Long, potentially triggering post.
For Black History Month, I’ll be boldly and lovingly celebrating:
- Those who roamed Earth before me
- Those who once roamed Earth with me
- My own historical Earthly journey
- The ways that the chosen people of now are currently dismantling and disrupting.
As I take a moment to acknowledge past versions of myself, I applaud myself for bravely making it to this moment.
Obi Soulstar (an amazing Chicago artist) perfectly captured me channeling one of my most iconic sheroes.
This picture caused discomfort for some people I know, but it is my all-time favorite picture out of every photo I’ve ever taken.
To me, this shot tells the story of what happens when a Black woman gives herself permission to:
- RELEASE society’s conditionings, expectations and restraints
- REMOVE the fragile armor of stereotypical feminine adornment (both material and immaterial) and
- RESIDE in her divine autonomy and authority.
Dominant culture demands that Black women masquerade as submissive subordinates (even in spaces where masculine leadership and provision are lacking).
Western culture commits to grooming women like me so that we are invaluable, yet undervalued. Religion raises us to be moral and just without money or jurisdiction. Capitalism carefully cultivates us so that we are profitable, but not prosperous.

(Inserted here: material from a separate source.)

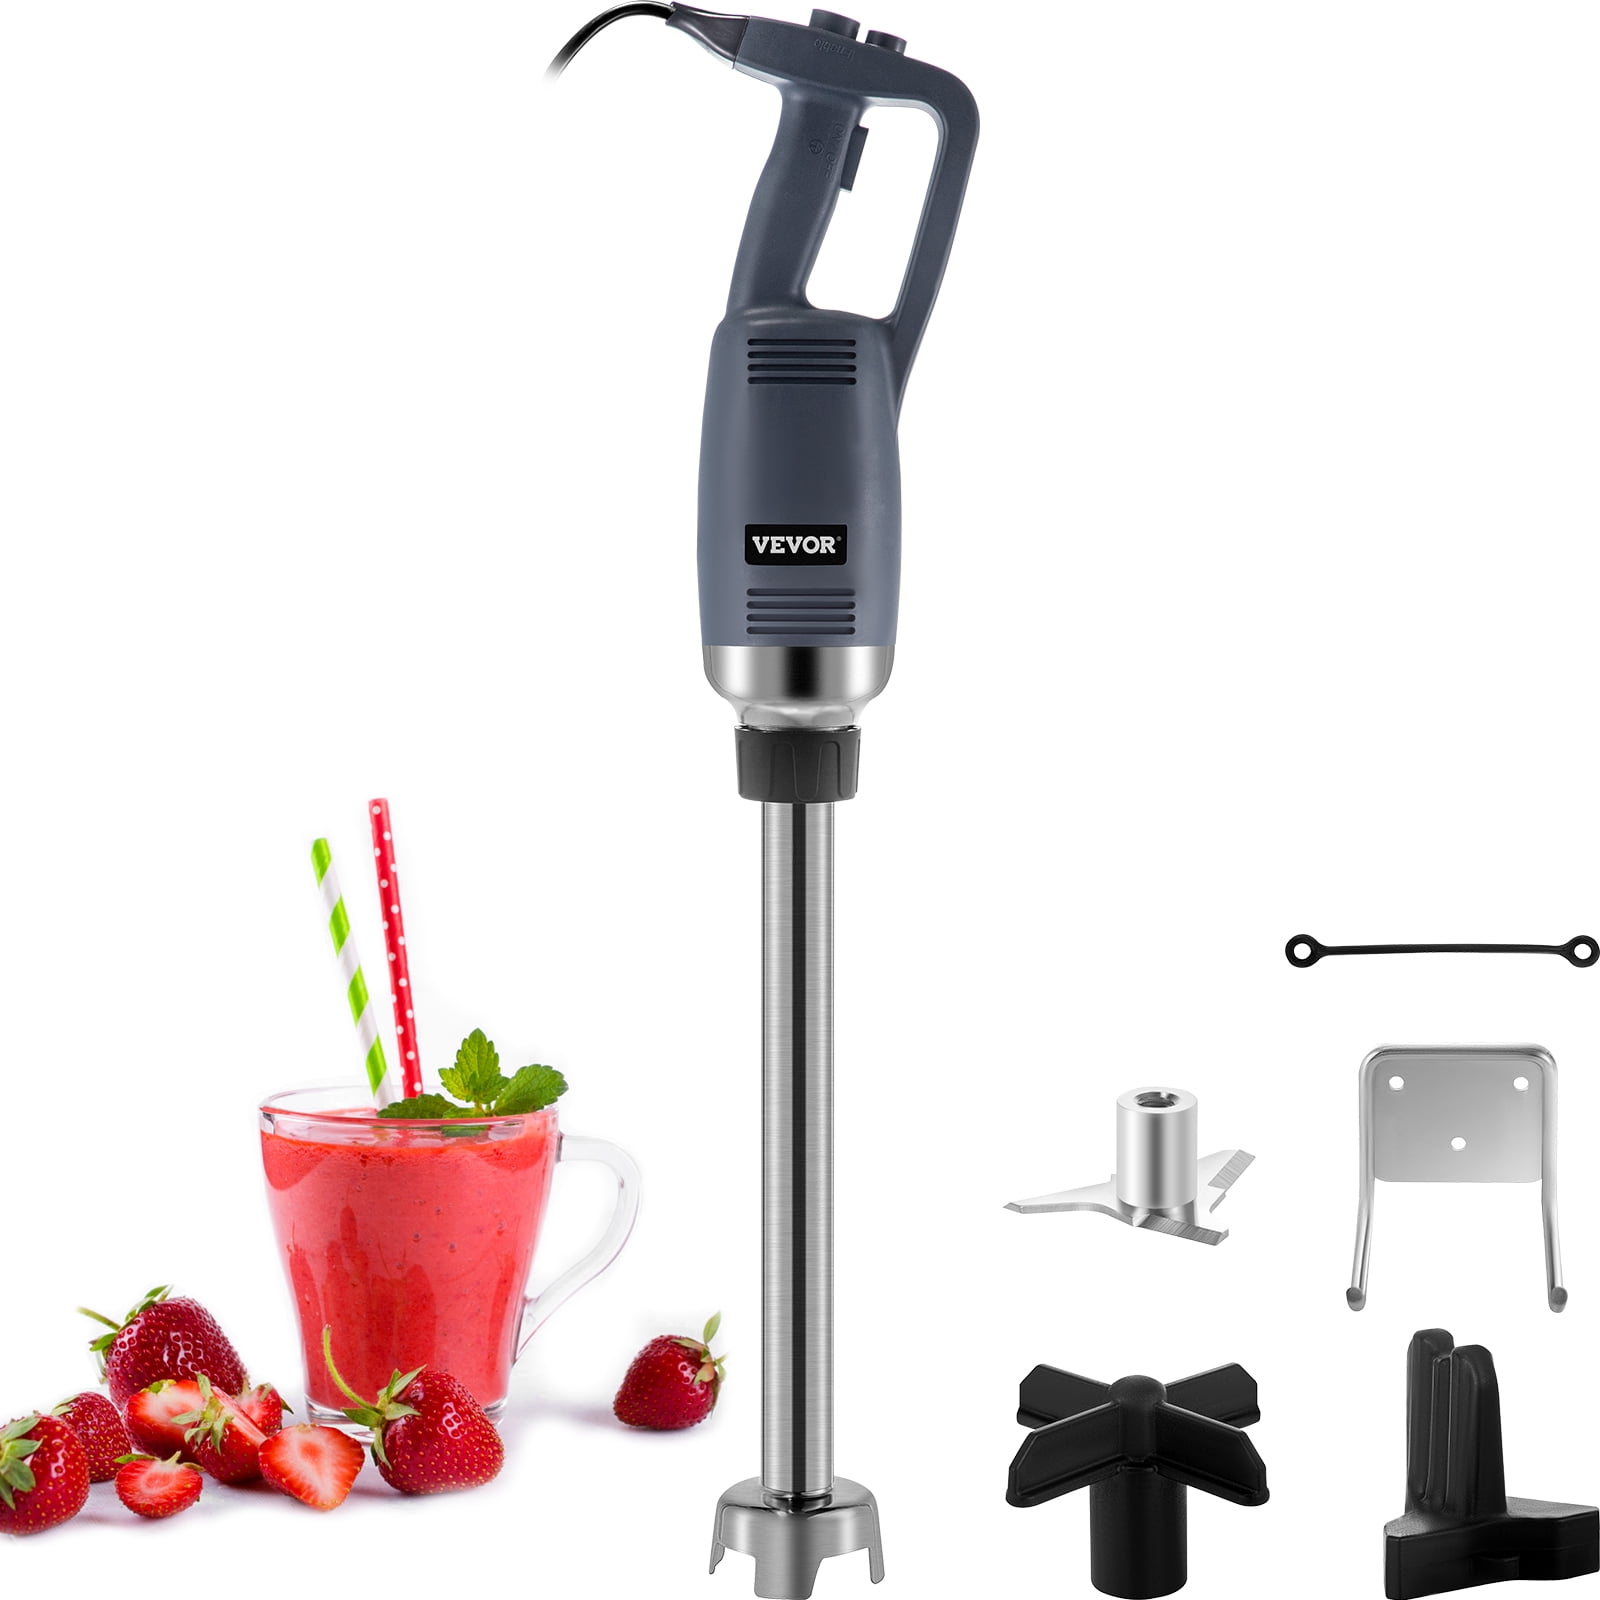 Hand Mixer vs Immersion Blender: What's the Difference?

I RELEASE these conditionings, expectations and restraints from my past, present and future reality.
Black excellence brainwashes us to play the role of performative powerhouse minus the appropriate prestige.
European classism pressures us to behave, speak and dress “properly,” but when it’s time for us to receive proper treatment and compensation, crickets.
I REMOVE this fragile armor and stereotypical feminine adornment from my past, present and future reality.
“Allies” tend to offer impotent empathy as they respectfully regurgitate recycled anti-racist rhetoric from comfortable spaces. Spaces they wouldn’t have if people who looked like me hadn’t built the whole system.
Generic, guilty white tears bleed into vessels of liberal tyranny, and overflow into raging rivers of weaponized white feminist privilege while Black women are held hostage by its treacherous waters of rehearsed respectability and resilience.
We drown in martyrdom for a culture and a people who wouldn’t sacrifice a mere moment of time or space to consider us.
I REMOVE this fragile armor and stereotypical feminine adornment from my past, present and future reality.
Internalized misogynoir compels Black women to comply by taking up as little space as possible, regardless of our size. We are trained to be agreeable even to our detriment, lest we be labeled hostile, angry.
When we do fight for something, it’s usually against our own interests.
We are instructed to enable egregiousness, to overlook oppression, and to suppress our standards, thereby allowing nonsense to wreak havoc in our lives.
We misuse our maternal instincts to raise directionless adult man-cubs. We abuse our loyalty to create homes for lazy, vengeful, manipulative male hobosexuals. We over extend compassion in the hopes of getting chose by closeted homosexuals.
We risk it all to make room for them to pump us full of hate seeds and then we cry about how unsafe and unprotected we feel by our so-called counterparts. We squander our inheritance and wonder why we don’t feel at home within ourselves.
No more!
I curate spaces my sistren and I can dwell and thrive in. I make no excuses for us because we are worthy of so much more.
I RELEASE the frail shackles of stagnant society, I REMOVE the weak armor of false femininity and I fearlessly RESIDE in my divine autonomy and authority.
You can find me on the corner where Black History meets Black Love.